The idea behind Evernote Food is that it helps you document the food-related parts of your life, whether it’s a meal you cooked yourself or an outing to a restaurant or food-related business. The first version of Evernote Food was just okay at this, but version 2 goes much further to add an element of food and recipe discovery, especially in the iPad version.

It offers four sections now: My Meals, in which you document meals with location, photos, and captions; Restaurants, which lets you find food business around your current or another location; My Cookbook, which uses some intelligence to sift through your full Evernote account for food-related articles you’ve saved; and Explore Recipes, which offers up recipes from a panoply of food blogs.

The Restaurants section is powered by Foursquare and it will show either places you’ve saved in Evernote already, places you’ve documented in My Meals, or places you search for based on a keyword and location. Once you’ve found a place, you can call up details and save it to your Evernote. Of course, being powered by Foursquare, the reliability is subject to the overall reliability of Foursquare’s database. I found several outdated or inaccurate listings in my small hometown.

However, the sections I use the most–after the somewhat foodie self-centered My Meals–are Explore Recipes and My Cookbook. I’d saved some recipes in Evernote in the past, but not too many only because we have a dedicated recipe program that we use on our kitchen Mac called MacGourmet. But with this easy discovery through this app, I can see adding many more recipes here through a quick clip from my web browser as I come across them. And Explore Recipes is a fun glimpse at an interesting an eclectic mix of recipes that you won’t find in any established cooking magazine.

Evernote Food is free to download and use.

Flickr for iPhone

Flickr for iPhoneI’ve been a Flickr user for a number of years and I’ve been a paid user since 2006. Similarly, Melanie has been a paid Flickr user for almost as long as she’s had her blog. The service’s strengths are in the ability to organize your photos and to use it as a way to host images for a website. (Melanie uses it this way.)

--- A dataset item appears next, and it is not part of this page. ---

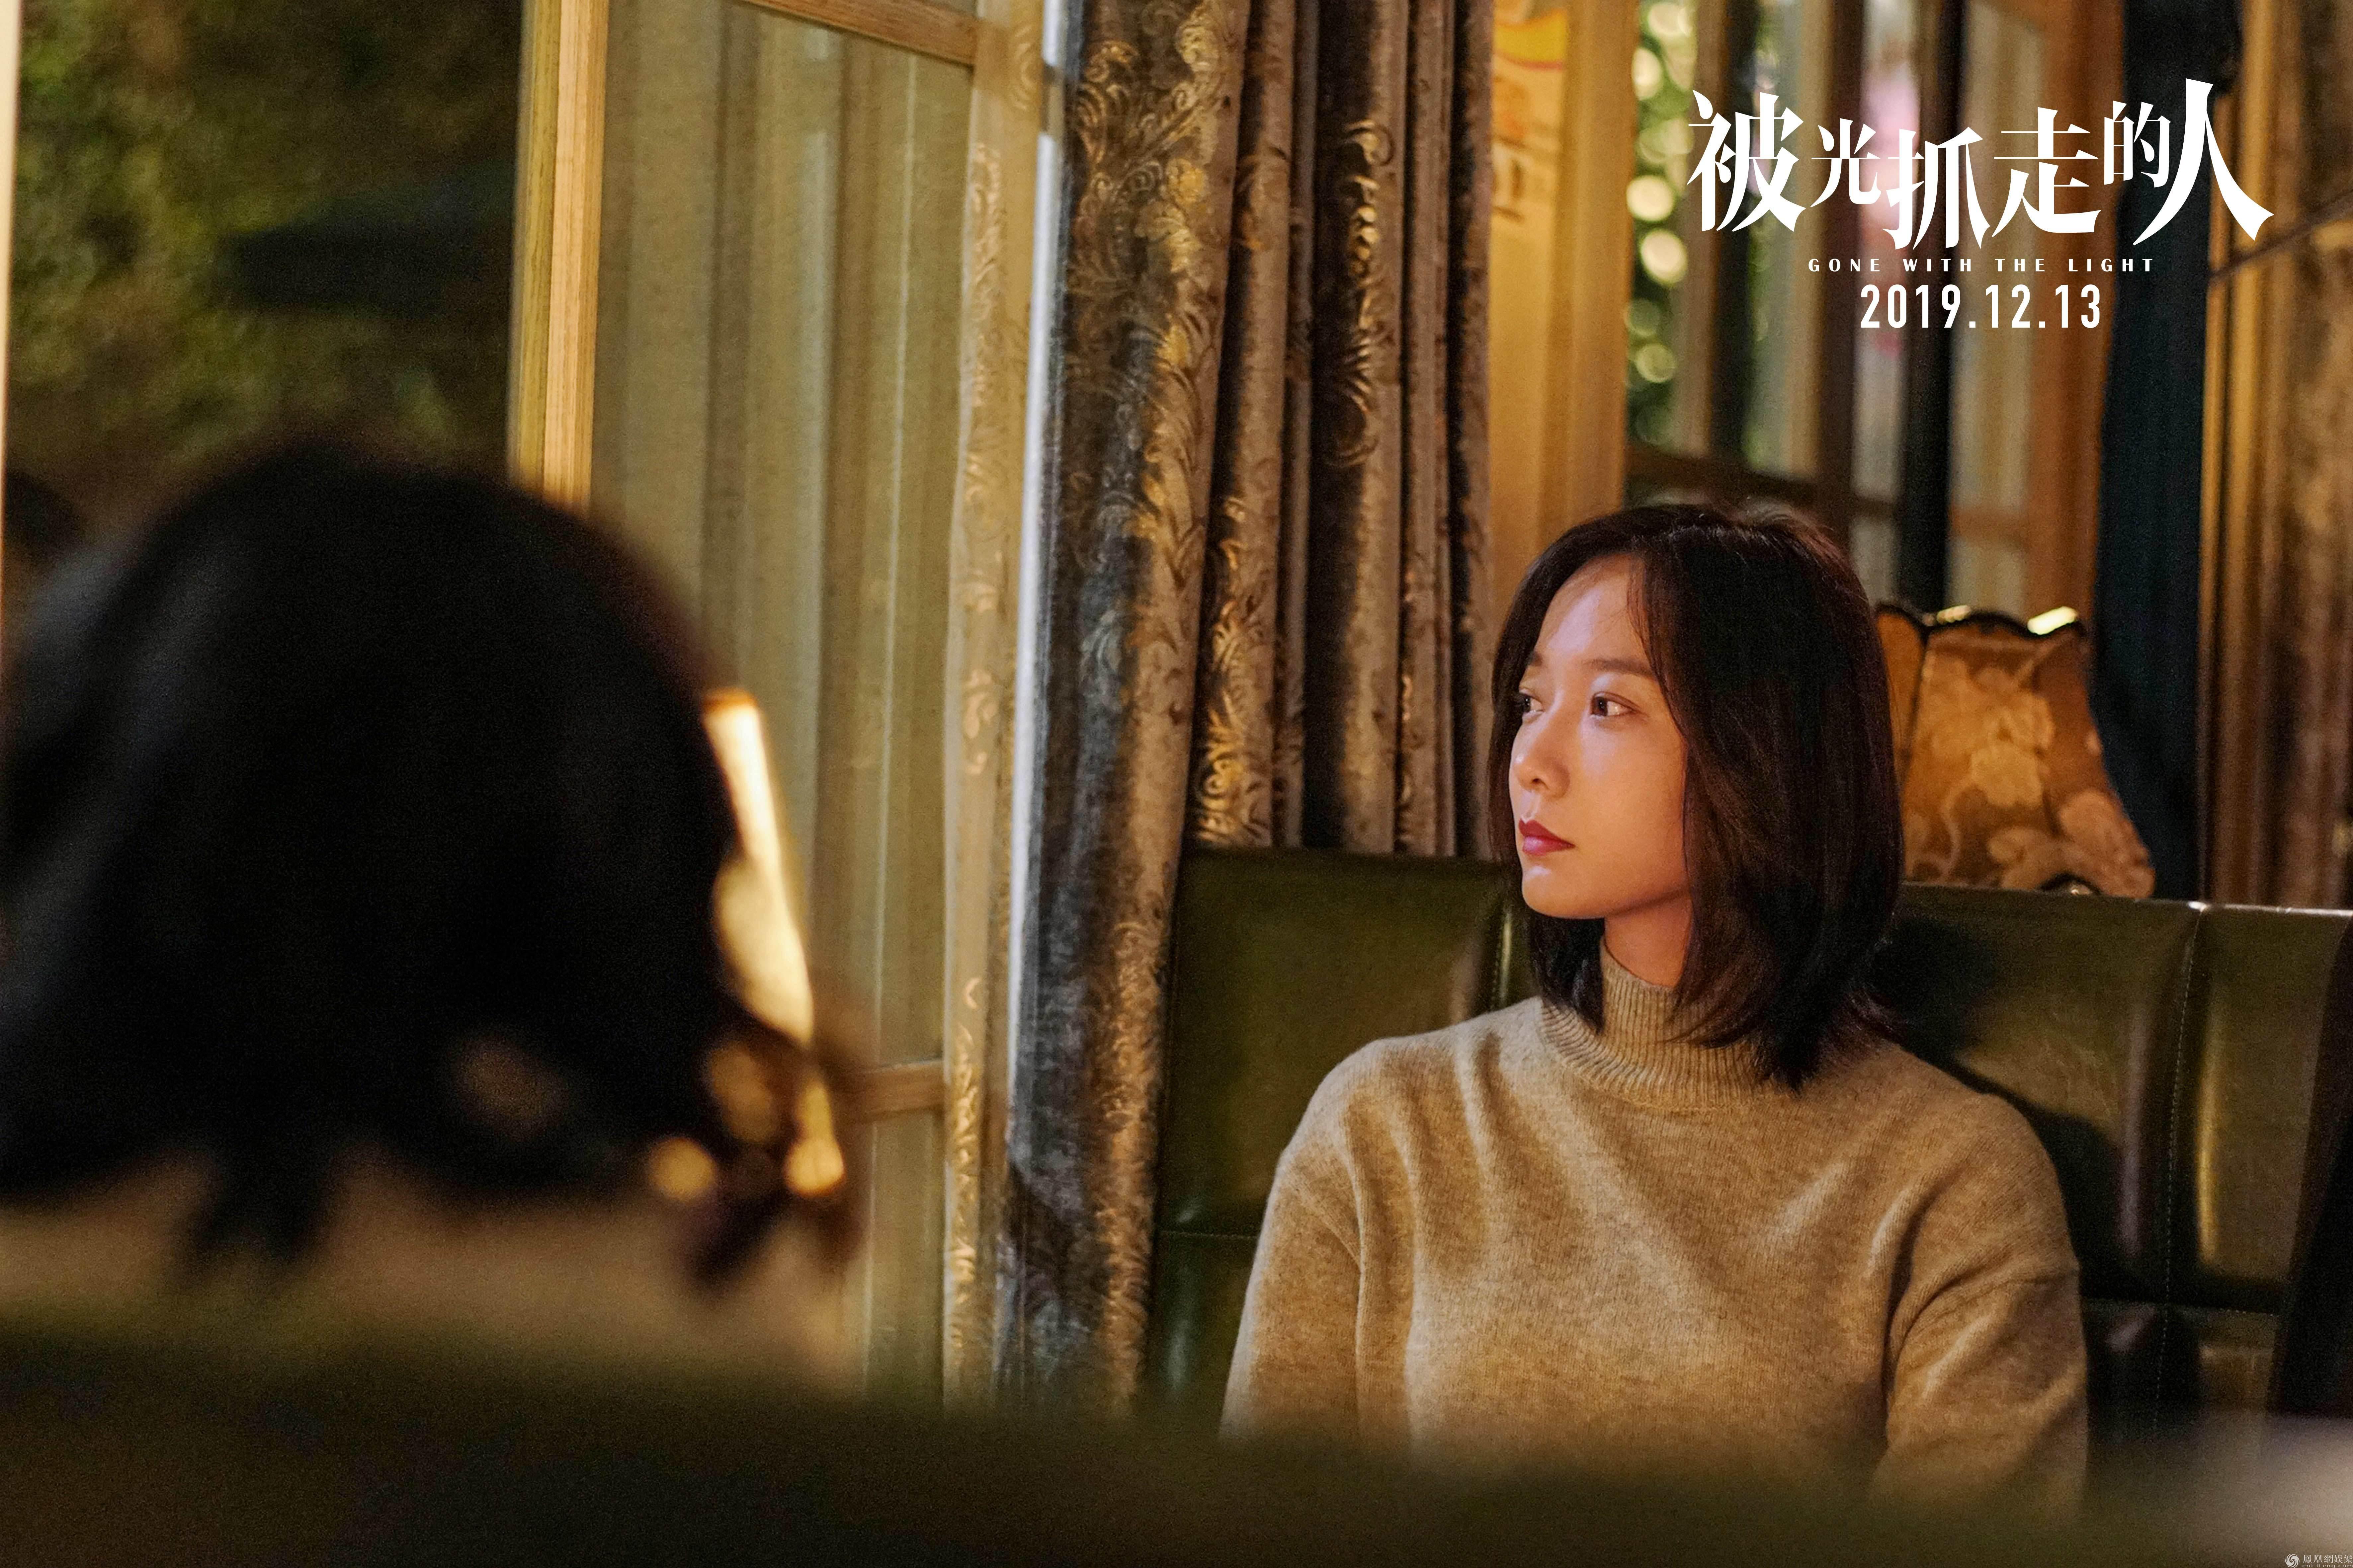 《被光抓走的人》曝预告 黄渤王珞丹谭卓上演现实主义爱情
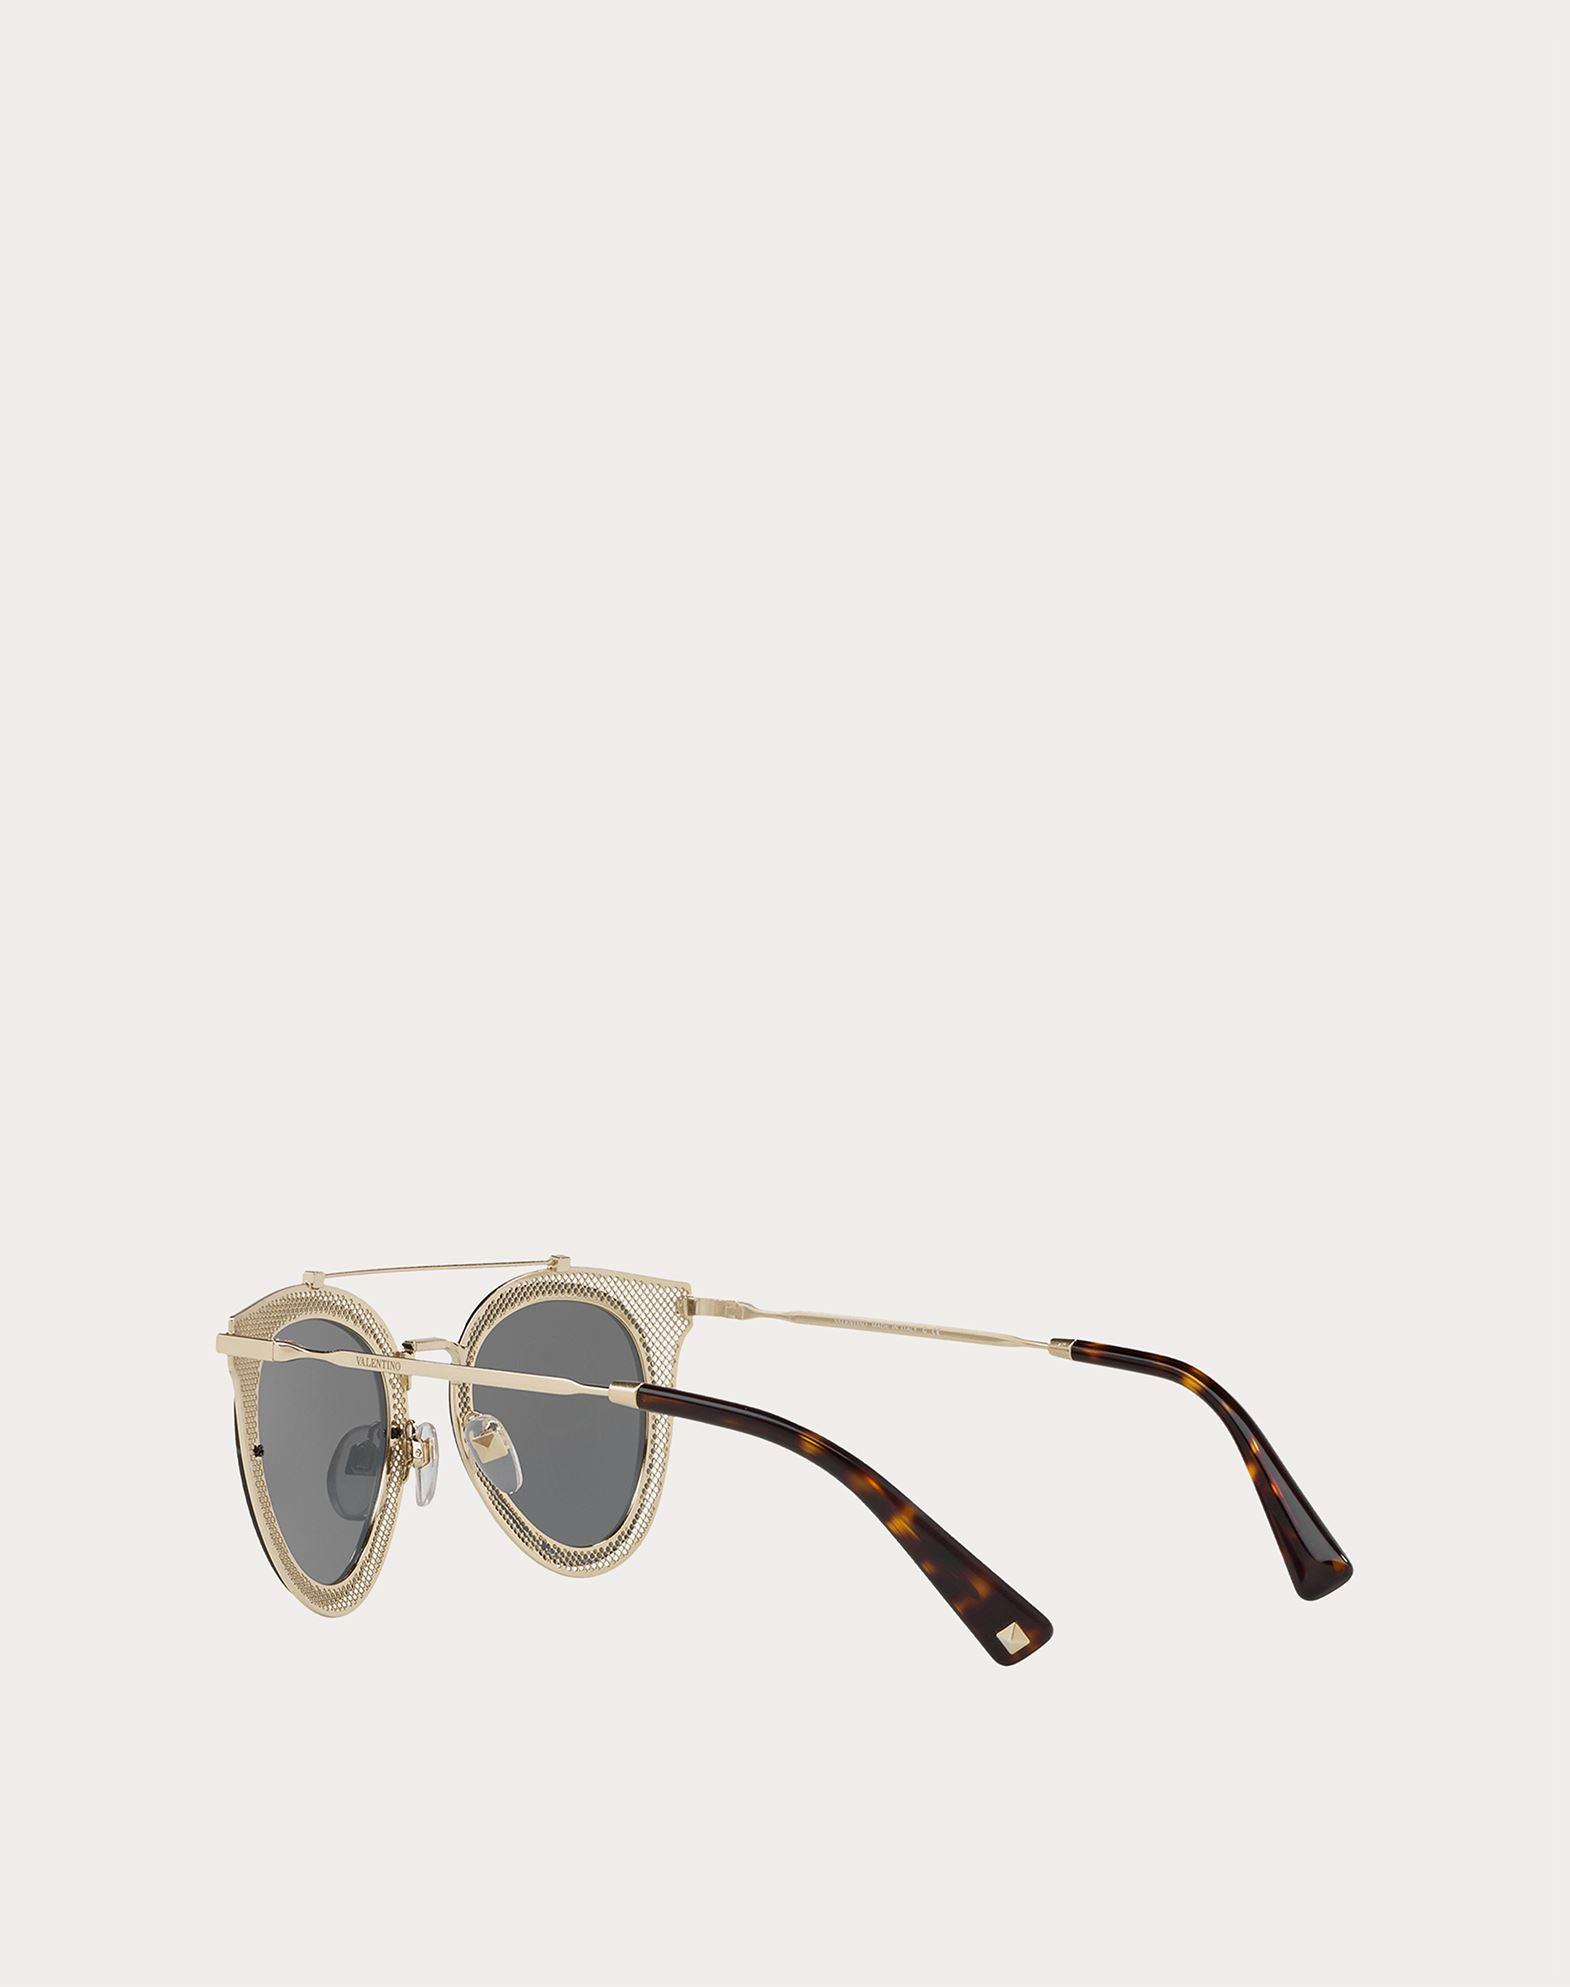 VALENTINO OCCHIALI Metal Sunglasses Sunglasses E e

Unfortunately, with all the turmoil within parent company Yahoo in recent years, Flickr has been somewhat neglected and hasn’t kept pace with other similar services. And even though they’ve had an iPhone app for a few years, it was pretty bad and I never used it.

That all seems to be changing. The new Flickr app for iPhone came out in December, fortuitously, just as Instagram was alienating its user base, and it’s good enough to bring me back to using it instead of Instagram.

For one thing, the app excels at taking photos now and while it offers the now ubiquitous silly “artistic” filters, they are easily ignored. Where Flickr is an improvement over Instagram is that it doesn’t force me to crop all my photos as a square. Plus the presentation of photos is far prettier and user friendly and I can set up sets and collections and manage privacy in a granular way. Yet like Instagram, I can choose to share my photos to Facebook, Twitter, and a Tumblr account.

Of course, another reason for my immediate switch to using Flickr–maybe even the best reason–has to do with the old adage that if you’re not paying for a service, you’re not the customer, you’re the product being sold. Since I have the option of paying for a Flickr account (and do), I have more confidence that Yahoo won’t try to monetize me and my photos through onerous privacy-stripping means, unlike Instagram which provides no mechanism for me to truly opt-out.

The Flickr app is free, but only comes in an iPhone version at this time.